They returned to the dump, preceded by Roggsy. By a sudden movement he had escaped from Rogg and was in antic mood. He thought he knew where they were going, and instead of stopping at the dump, he disappeared down the shaft.

"Darn that monk!" ejaculated Marshall. "Now I suppose somebody will have to go down after him!"

"Won't he come when he's called?" asked Arbuthnot.

"On shipboard, yes. On land, only the Good Lord knows."

They panned out another charge of the gravel, and then another. Both showed strong "colour." In fact, over the second lot Arbuthnot exclaimed in some excitement.

"You've got a rich thing here!" he cried.

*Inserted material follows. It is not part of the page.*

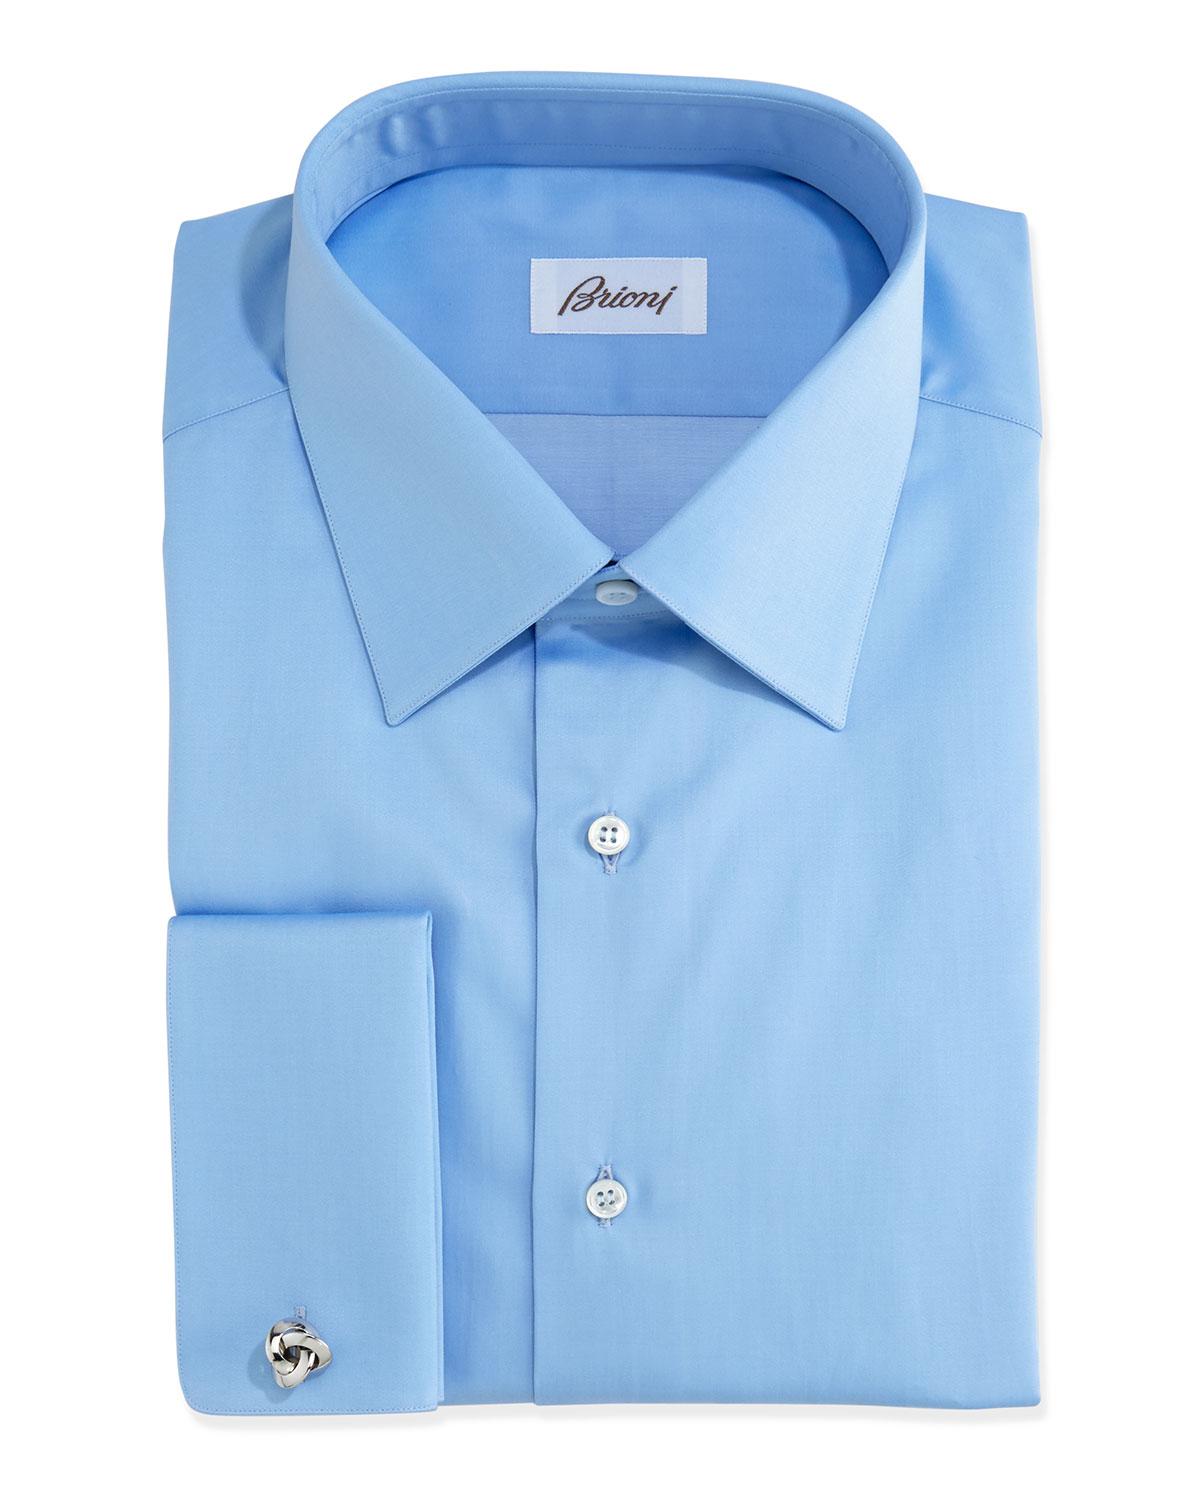 Brioni Solid French-cuff Dress Shirt, Blue for Men - Save 10% - Lyst

"But I want a nugget!" insisted Betsy.

Arbuthnot gave it as his opinion that the nuggets would be more likely found nearer the bottom of the pocket. That would be days and days away. All this gravel—even that already taken out and on the dump—would have to be carefully washed: it was valuable.

"If you could be here a month from now——"

"But we can't," broke in Marshall. "We must get on—to-morrow or next day, at least."

"I shall send you the very first one found," X. Anaxagoras consoled her. "And each of you boys shall have one, too: that's a promise."

They began to gather their tools in preparation for departure and turned away down the trail.

"We've forgotten Roggsy!" cried Betsy.

They called. They whistled down the shaft. To no avail. Arbuthnot lighted one of the acetylene torches.

"I'll get him in a jiffy," said he, putting foot on the ladder. "No trouble at all."

His head disappeared down the shaft. The bystanders heard an exclamation, then the sound of a quick, light scrambling, then a laugh. Roggsy shot out of the shaft and ran on three legs to a short distance, when he turned chattering. Arbuthnot's head reappeared.

"The little beggar was lying doggo just down the ladder," he laughed, "and he climbed right up over me. By Jove, I was startled!"

Rogg tried to call the monkey to him, but in vain. He made a few cautious steps, but Roggsy hopped out of the way. A more rapid advance merely caused the little animal, still on three legs, to skip nimbly into the brush; whence, however, he instantly reappeared when the pursuit ceased.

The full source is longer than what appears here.